When btrfs allocate a chunk, it will try to alloc up to 1G for data and
256M for metadata, or 10% of all the writeable space if there is enough
space for the stripe on device.

However, when we run out of space, this allocation may cause unbalanced
chunk allocation.
For example, there are only 1G unallocated space, and request for
allocate DATA chunk is sent, and all the space will be allocated as data
chunk, making later metadata chunk alloc request unable to handle, which
will cause ENOSPC.
This is the one of the common complains from end users about why ENOSPC
happens but there is still available space.

This patch will try not to alloc chunk which is more than half of the
unallocated space, making the last space more balanced at a small cost
of more fragmented chunk at the last 1G.

Some easy example:
Preallocate 17.5G on a 20G empty btrfs fs:
[Before]
 # btrfs fi show /mnt/test
Label: none  uuid: da8741b1-5d47-4245-9e94-bfccea34e91e
	Total devices 1 FS bytes used 17.50GiB
	devid    1 size 20.00GiB used 20.00GiB path /dev/sdb
All space is allocated. No space for later metadata allocation.

[After]
 # btrfs fi show /mnt/test
Label: none  uuid: e6935aeb-a232-4140-84f9-80aab1f23d56
	Total devices 1 FS bytes used 17.50GiB
	devid    1 size 20.00GiB used 19.77GiB path /dev/sdb
About 230M is still available for later metadata allocation.
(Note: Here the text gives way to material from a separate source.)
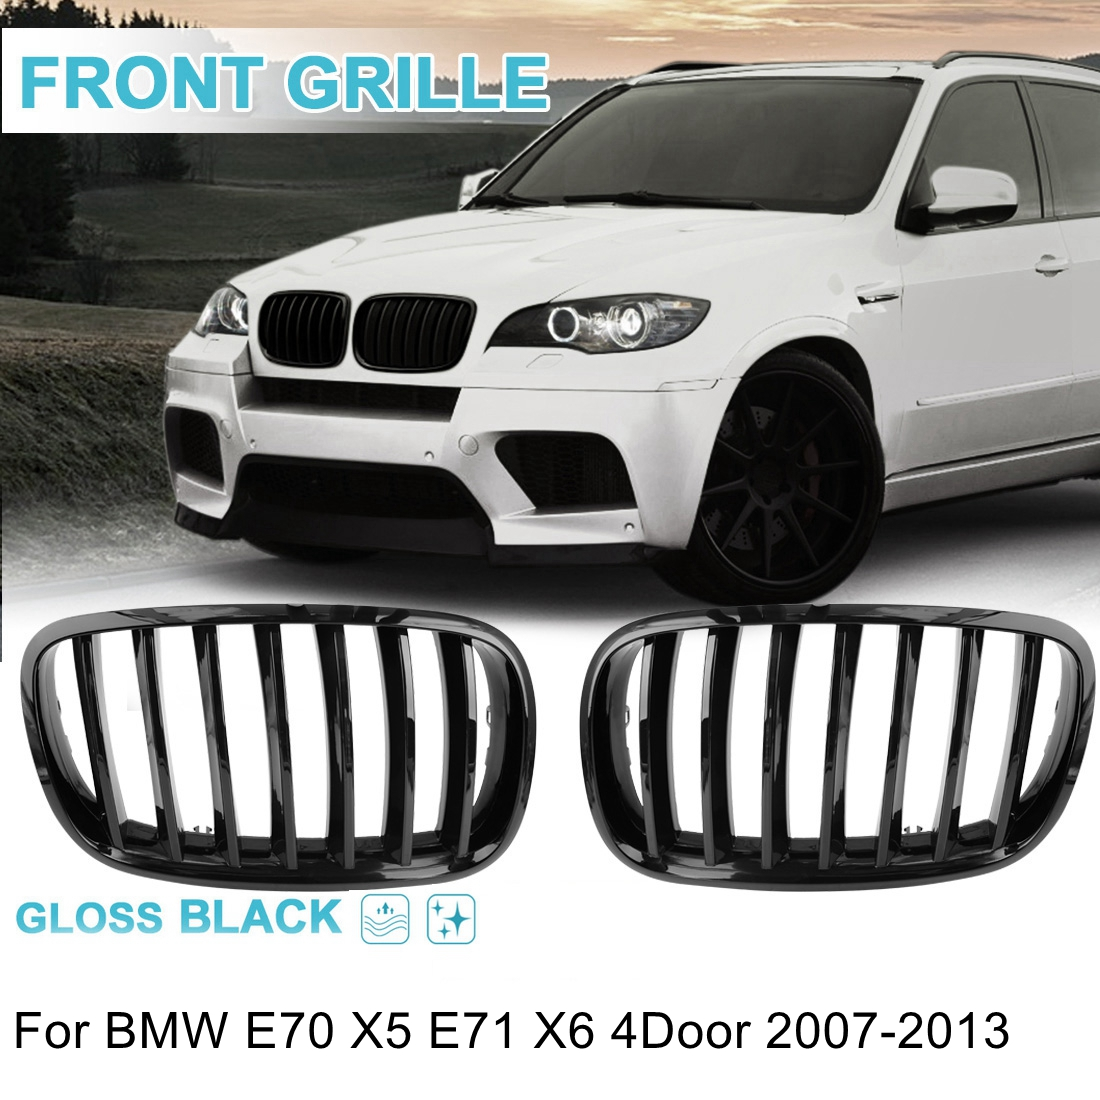 UXCELL 2PCS Frente Gloss Black Dupla Slat Bumper Rim Grille Grill Para BMW E70 X5 E71 X6 E46 E90 série 5 F30 F10 1997-2016

Signed-off-by: Qu Wenruo <quwenruo@cn.fujitsu.com>
---
Changelog:
v2:
   Remove false dead zone judgement since it won't happen
---
 fs/btrfs/volumes.c | 19 +++++++++++++++++++
 1 file changed, 19 insertions(+)

diff --git a/fs/btrfs/volumes.c b/fs/btrfs/volumes.c
index 8e74b34..20b3eea 100644
--- a/fs/btrfs/volumes.c
+++ b/fs/btrfs/volumes.c
@@ -4237,6 +4237,7 @@ static int __btrfs_alloc_chunk(struct btrfs_trans_handle *trans,
 	u64 max_stripe_size;
 	u64 max_logical_size;	/* Up limit on chunk's logical size */
 	u64 max_physical_size;	/* Up limit on a chunk's on-disk size */
+	u64 total_physical_avail = 0;
 	u64 stripe_size;
 	u64 num_bytes;
 	u64 raid_stripe_len = BTRFS_STRIPE_LEN;
@@ -4349,6 +4350,7 @@ static int __btrfs_alloc_chunk(struct btrfs_trans_handle *trans,
 		devices_info[ndevs].max_avail = max_avail;
 		devices_info[ndevs].total_avail = total_avail;
 		devices_info[ndevs].dev = device;
+		total_physical_avail += total_avail;
 		++ndevs;
 	}
 
@@ -4398,6 +4400,23 @@ static int __btrfs_alloc_chunk(struct btrfs_trans_handle *trans,
 		do_div(stripe_size, num_stripes);
 		need_bump = 1;
 	}
+
+	/*
+	 * Don't alloc chunk whose physical size is larger than half
+	 * of the rest physical space.
+	 * This will reduce the possibility of ENOSPC when comes to
+	 * last unallocated space
+	 *
+	 * For the last 16~32M (e.g. 20M), it will first alloc 16M
+	 * (bumped to 16M) and the next time will be the rest size
+	 * (bumped to 16M and reduced to 4M).
+	 * So no dead zone.
+	 */
+	if (stripe_size * num_stripes > total_physical_avail / 2) {
+		stripe_size = total_physical_avail / 2;
+		need_bump = 1;
+
+	}
 	/* restrict logical chunk size  */
 	if (stripe_size * data_stripes > max_logical_size) {
 		stripe_size = max_logical_size;